Strathspey councillor Bill Lobban said: “While this news is disappointing there is so much more that Aviemore and the rest of Badenoch and Strathspey have to offer.
“Cairngorm only forms a very small part of our overall tourist provision and I fully expect summer visitors to continue to flock to the area whether we have a funicular or not.”
Susan Smith, HIE’s head of business development, said: “We have considered carefully the implications of the investigation and concluded it will take considerable time to design, procure and complete the necessary works.
“Our goal is to have the funicular up and running as soon as is safe to do so, but in the meantime, we anticipate it will remain out of service throughout the summer months and possibly beyond.”
HIE’s subsidiary operator, Cairngorm Mountain (Scotland) Limited – which took over the resort following the collapse of the previous operator – is starting to develop a range of alternative options for summer visitors.
Interim chief executive Ross Harris said: “The funicular is a unique feature of Cairngorm, but there is so much more to experience.

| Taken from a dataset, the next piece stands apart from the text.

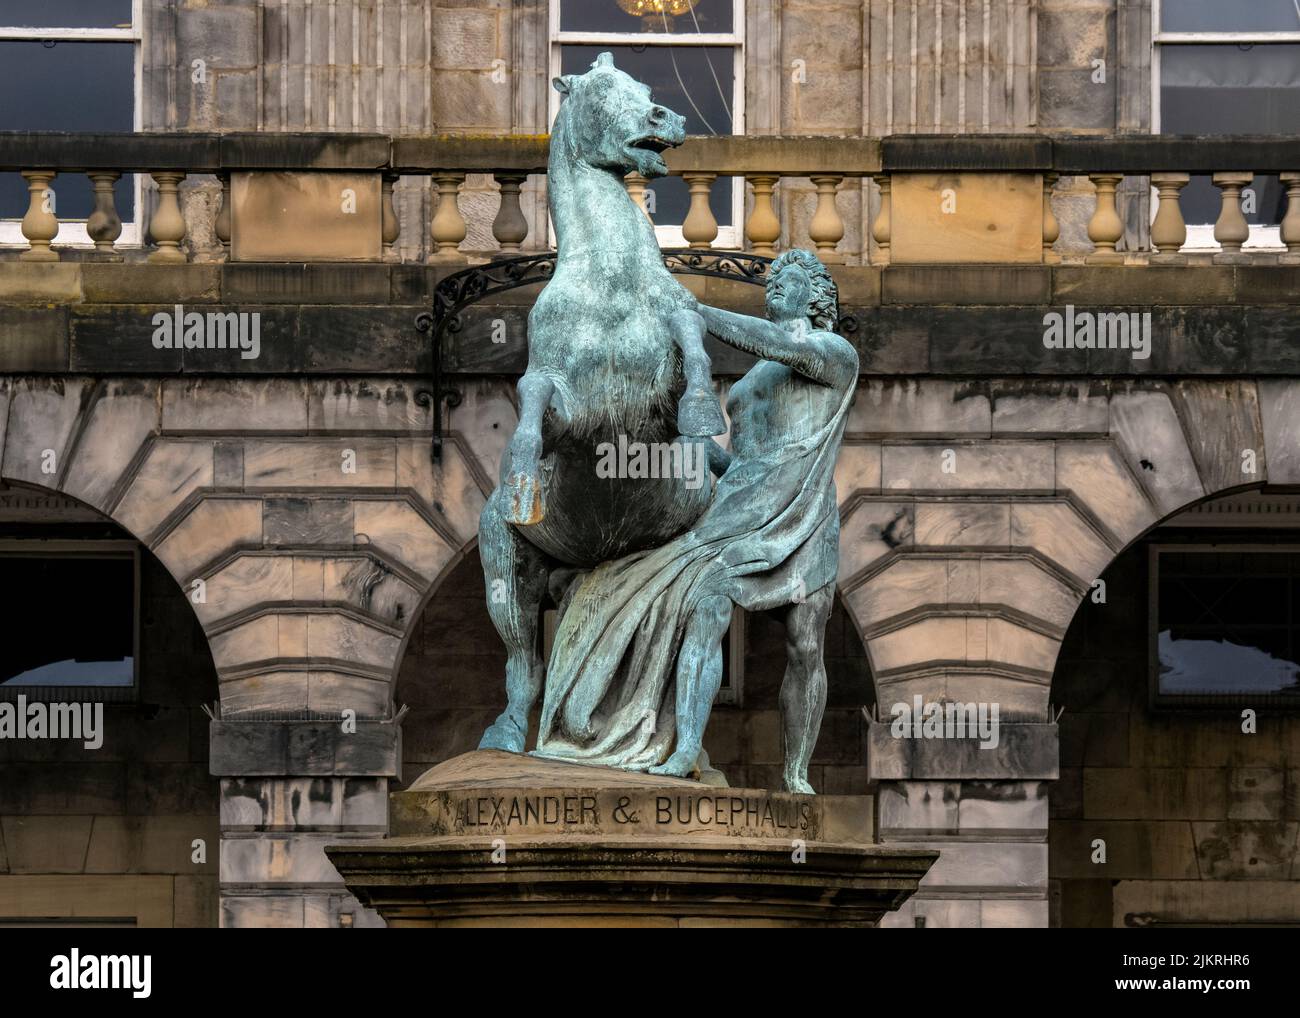 Statue of Alexander and Bucephalus, by John Steell, outside the City Chambers, Edinburgh, Scotland, UK. Stock Photo

“We are working hard to ensure that we continue to provide the best experience possible for our snowsports customers who can access the mountain using our network of tows and we are confident we can build on an already attractive offering for our summer visitors.

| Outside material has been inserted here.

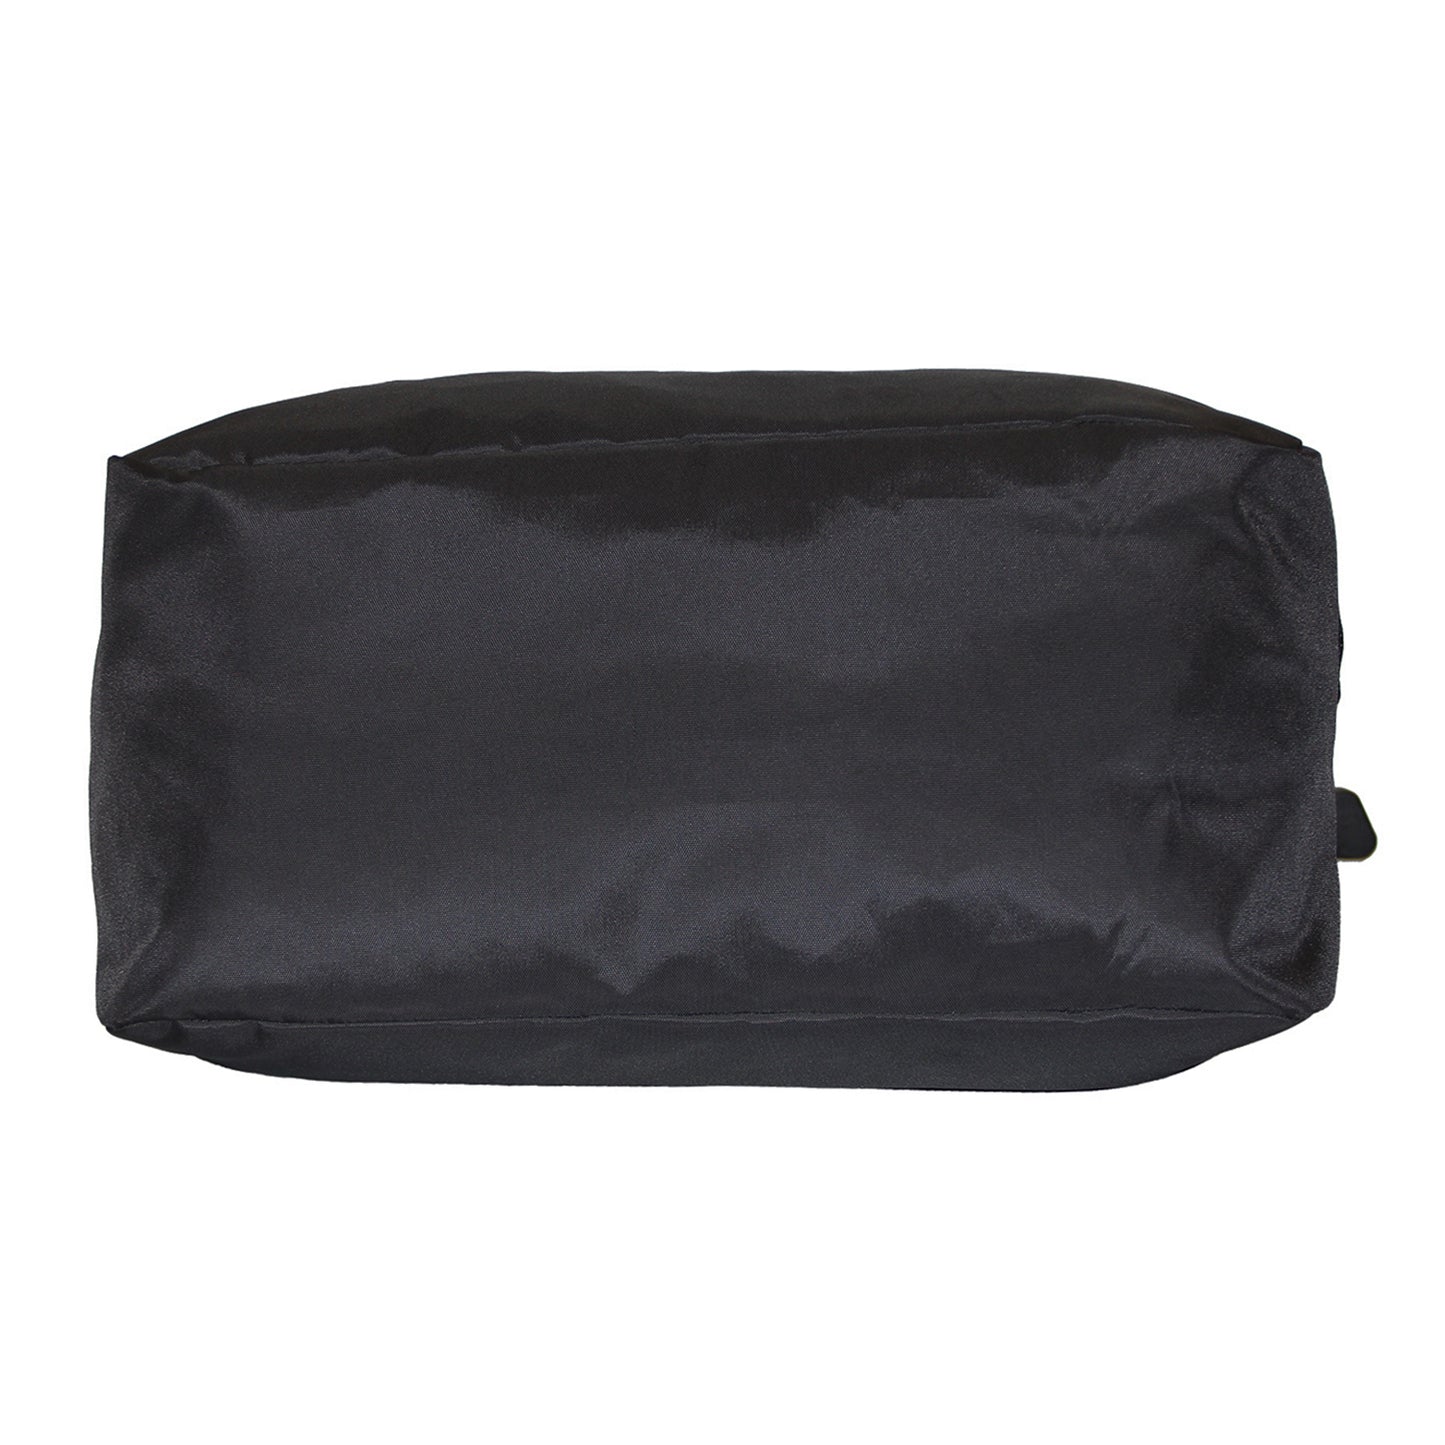 Black Polyester Basic Duffle bag

“We are focused on making Cairngorm Mountain a ‘must-visit’ destination because we know that in doing so the resort will continue to provide economic benefits for the entire Strathspey area for years to come.”
The engineers concluded that, while the structure does not present an “immediate danger”, the safety margin was “lower than desirable” and a series of measures should be put in place to address the weaknesses.
HIE is exploring the scope and cost of the works required, and this alone is expected to take several weeks.
They said work on the structure can only be carried out during summer months when the mountain is more accessible to contractors – resulting in the lengthy closure.